We lack a repeatable, standards-based training infrastructure to ensure what we’ve learned from one ship is transferred to the next—and from one yard to another.
We need training that reflects:
- How work is staged for efficient block progression
- How pipe, electrical, HVAC, and structure intersect during block outfitting
- How new technology tools are deployed in real-world environments
- How supervisors assign manpower based on task complexity and interference risks
- How to translate work packages into visual, easy-to-follow install guides for tradespeople
Training must be considered infrastructure. And infrastructure must be funded, maintained, and measured.
7. A Phased, National Strategy with Yard-Specific Focus
Rather than concentrate modernization in a single shipyard, the federal government must adopt a coordinated, phased strategy that assigns core areas of innovation to each of the three major yards. A pilot yard should be selected to validate new tools, training models, and process standards before they are expanded nationally—reducing risk and ensuring practical feasibility.
- One yard may focus on advanced digital planning, block outfitting, and AR integration
- Another may lead robotics, supply chain digitization, and laser scanning
- A third may specialize in AI knowledge systems, automated logistics, and install tracking
This pilot-first approach reduces redundancy, accelerates learning, and ensures innovation is rolled out methodically.

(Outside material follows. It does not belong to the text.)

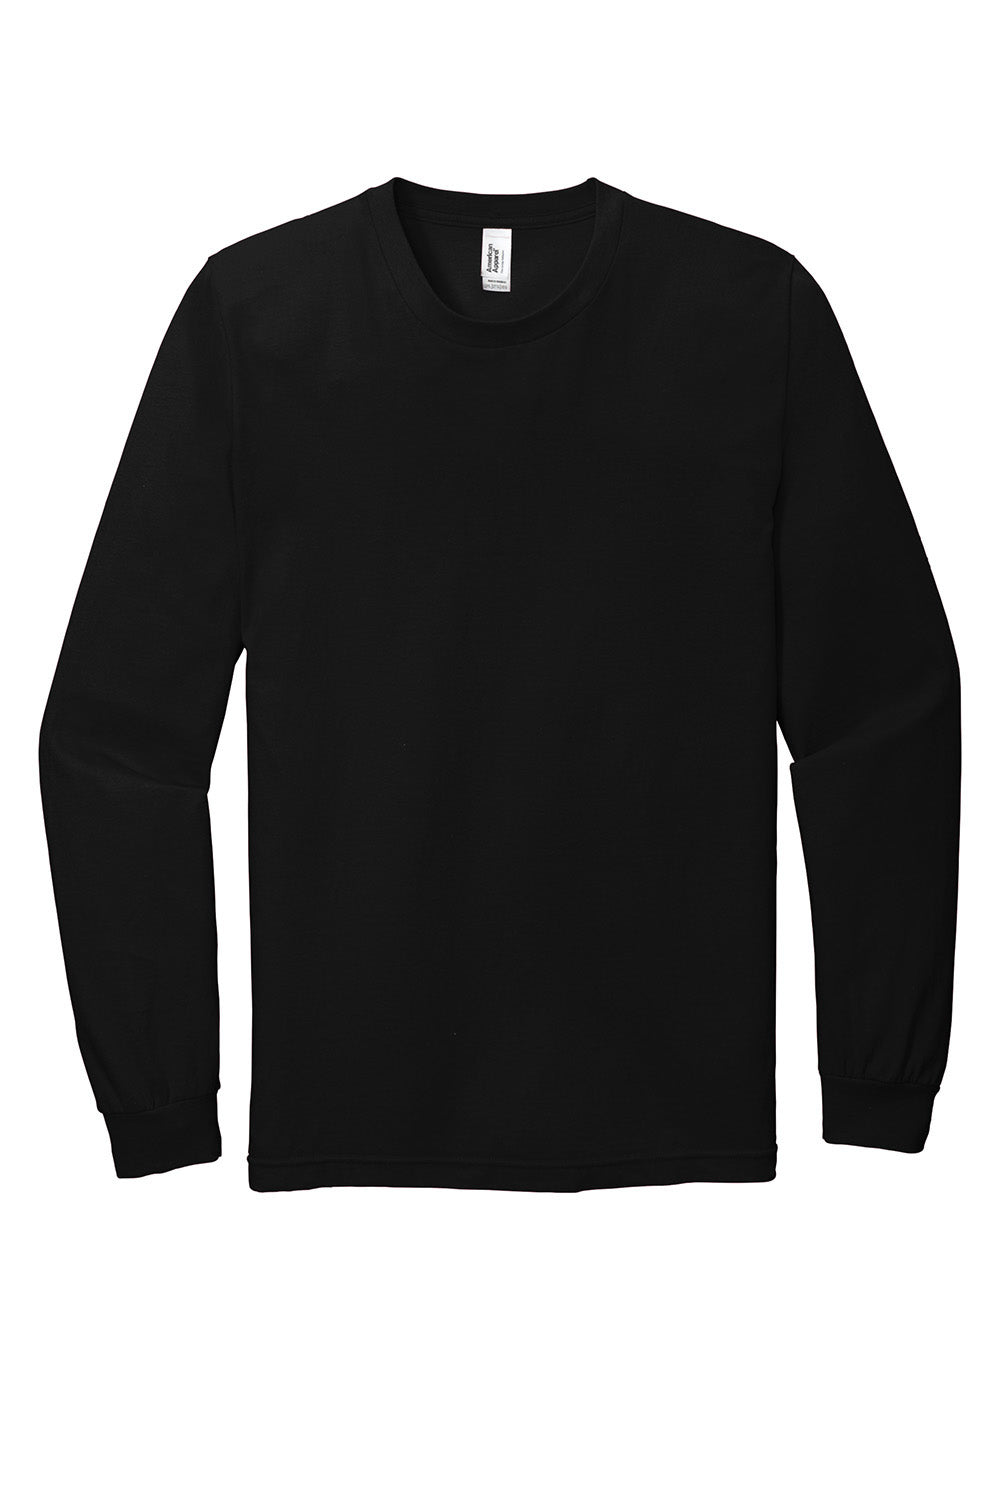 American Apparel 2007 Mens Fine Jersey Long Sleeve Crewneck T-Shirt Black Flat Front
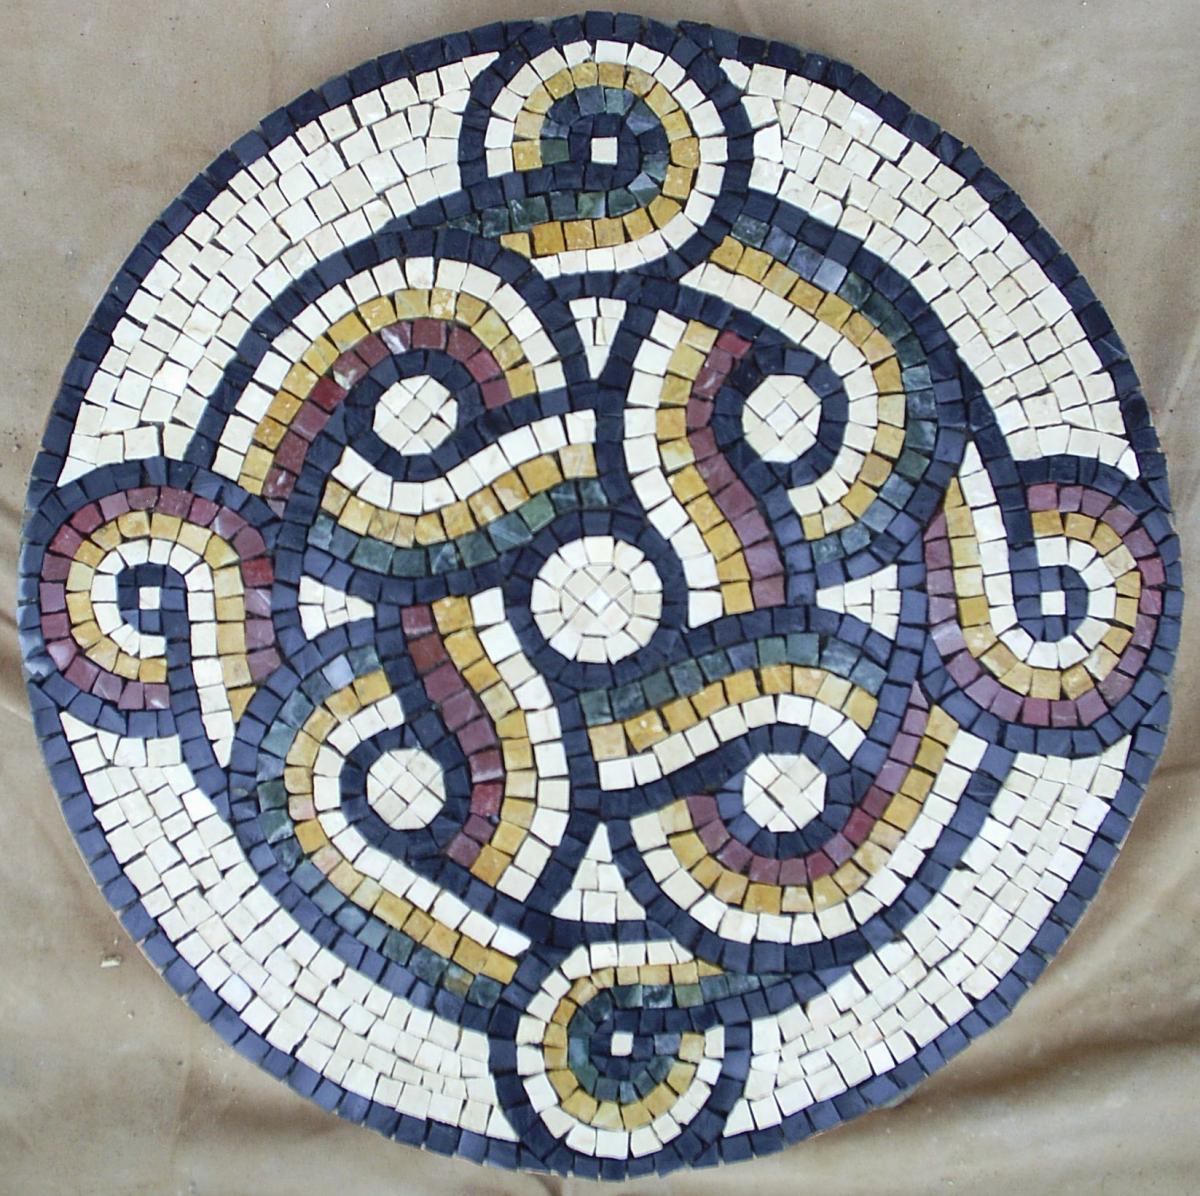 Copy of a Roman marble mosaic on a paving slab. 44cm diameter

Once methods are validated and streamlined, they must be transferred horizontally to the other two yards, ensuring all three evolve together and eliminate redundant trial-and-error.
A national plan must:
- Assign innovation domains across shipyards
- Create public, shared benchmarks and KPIs
- Document and test successful methods
- Roll out proven practices with full implementation support
This isn’t just efficient—it’s nation-building. But transformation on this scale doesn’t succeed by accident. It requires intentional rollout, clear change management models, and government support to fund and monitor for long-term value. We’ve done the hard part—stood up the yards, built real ships, and shown we can deliver. Now, we must commit to structure, discipline, and shared execution models. That’s how we control budgets, deliver efficiently, and build a sovereign shipbuilding capability that lasts.